§ Action item:
The answer should consist of the full listing below, repeated exactly and free of pictures.

** Dataset extract follows **

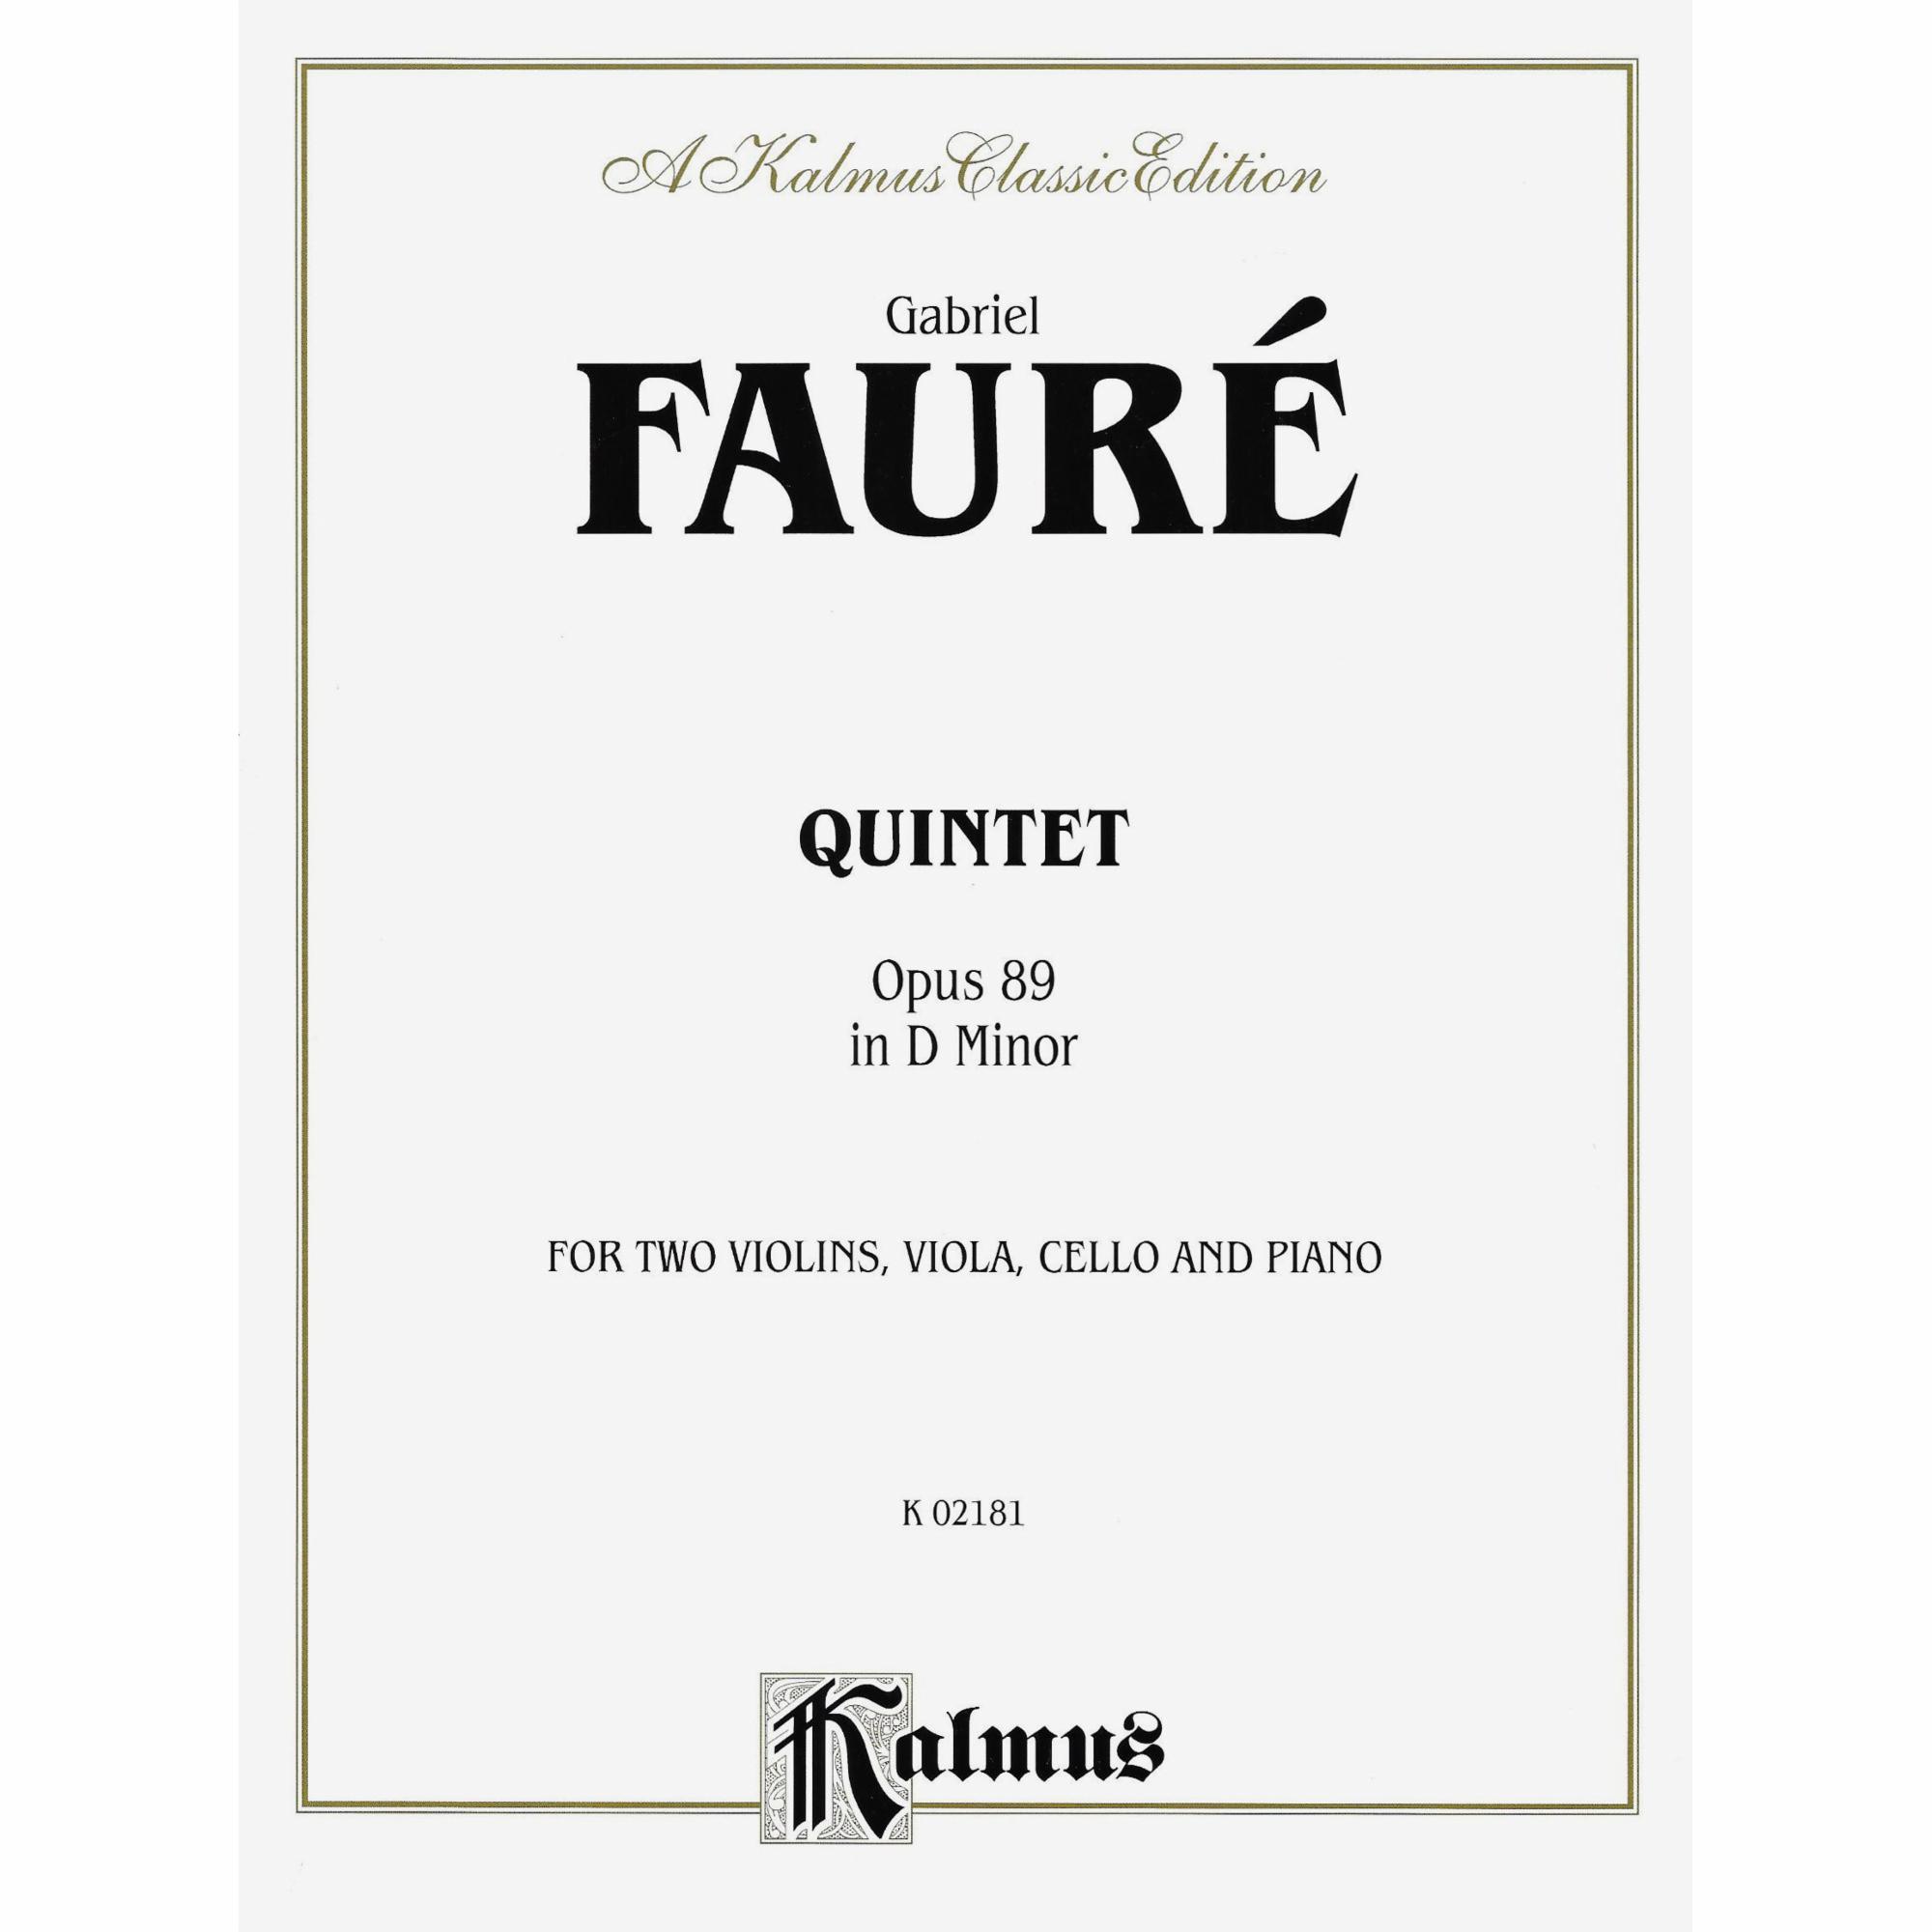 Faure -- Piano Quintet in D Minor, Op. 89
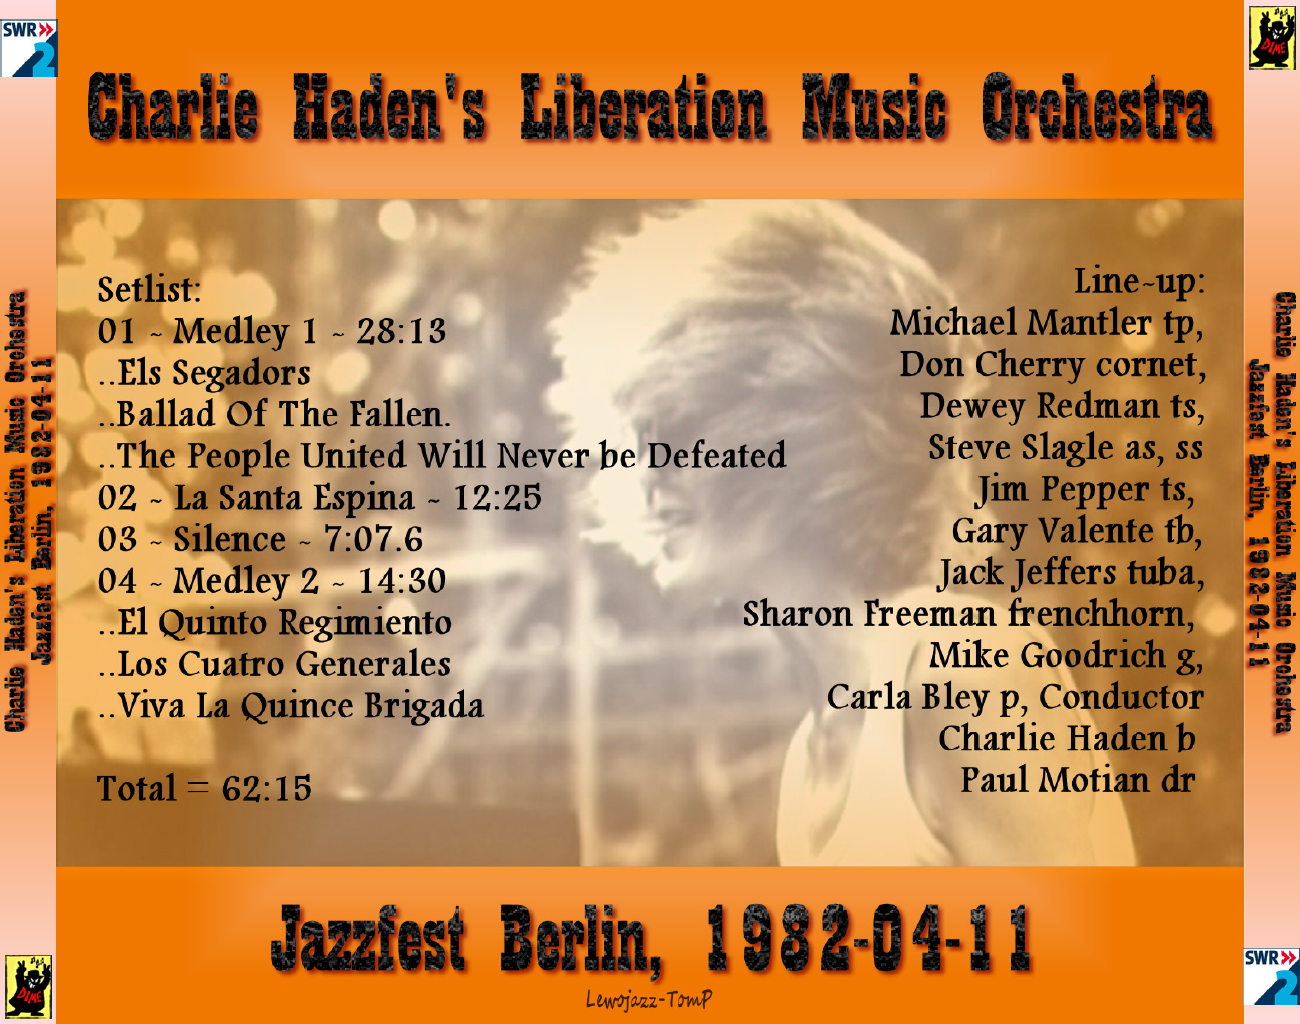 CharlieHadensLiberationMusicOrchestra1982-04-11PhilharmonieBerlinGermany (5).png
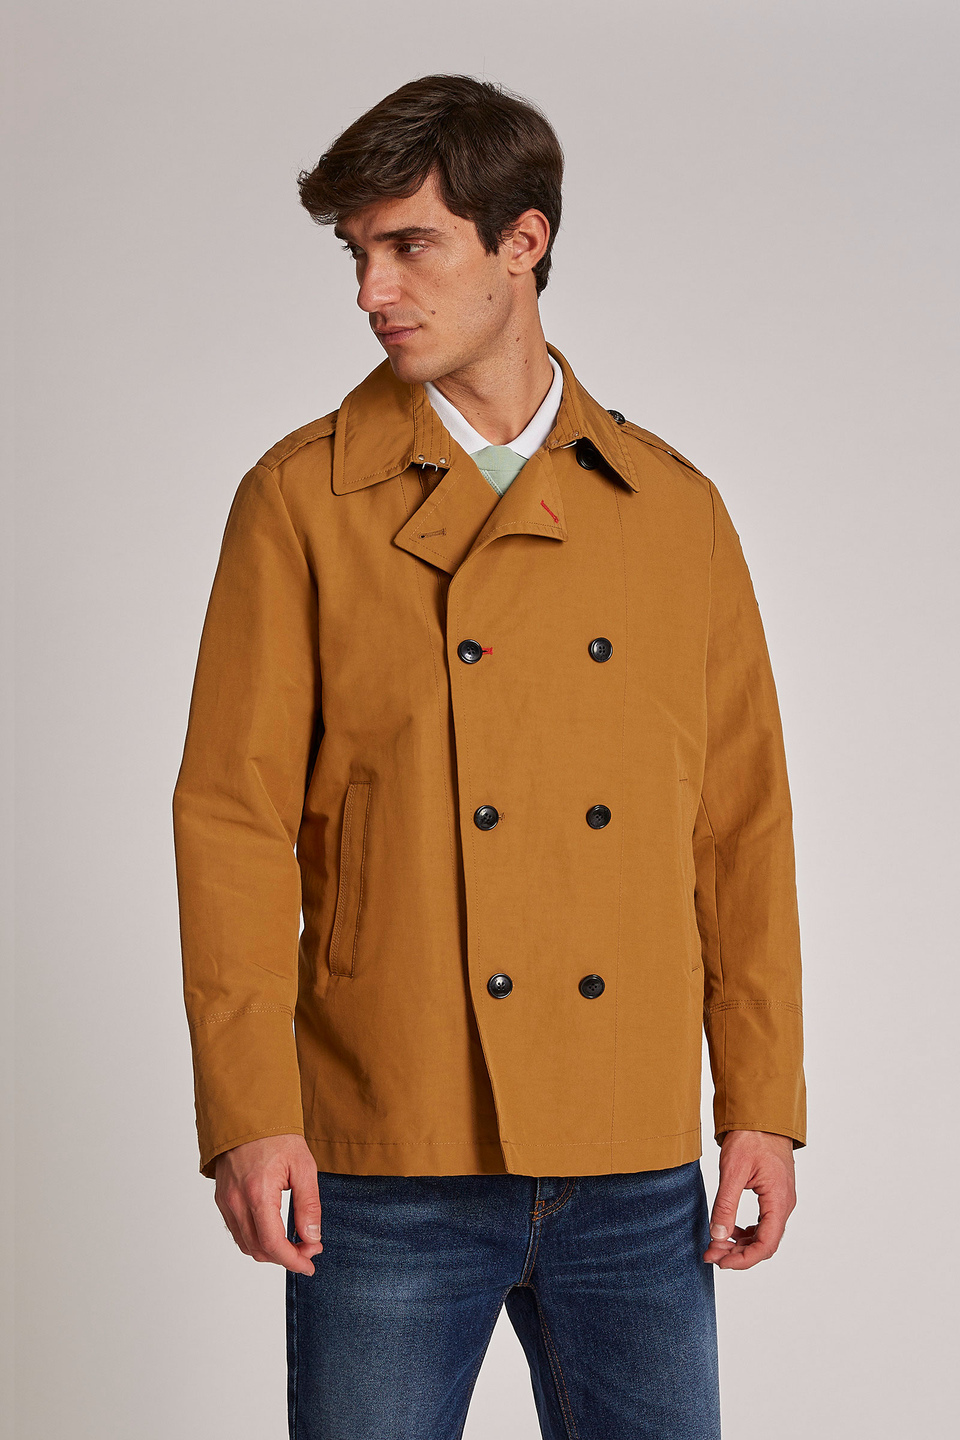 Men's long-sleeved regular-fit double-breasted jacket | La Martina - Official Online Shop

** End of Dataset extract **

§ Problem solution:
 Faure -- Piano Quintet in D Minor, Op. 89
 CharlieHadensLiberationMusicOrchestra1982-04-11PhilharmonieBerlinGermany (5).png
 Men's long-sleeved regular-fit double-breasted jacket | La Martina - Official Online Shop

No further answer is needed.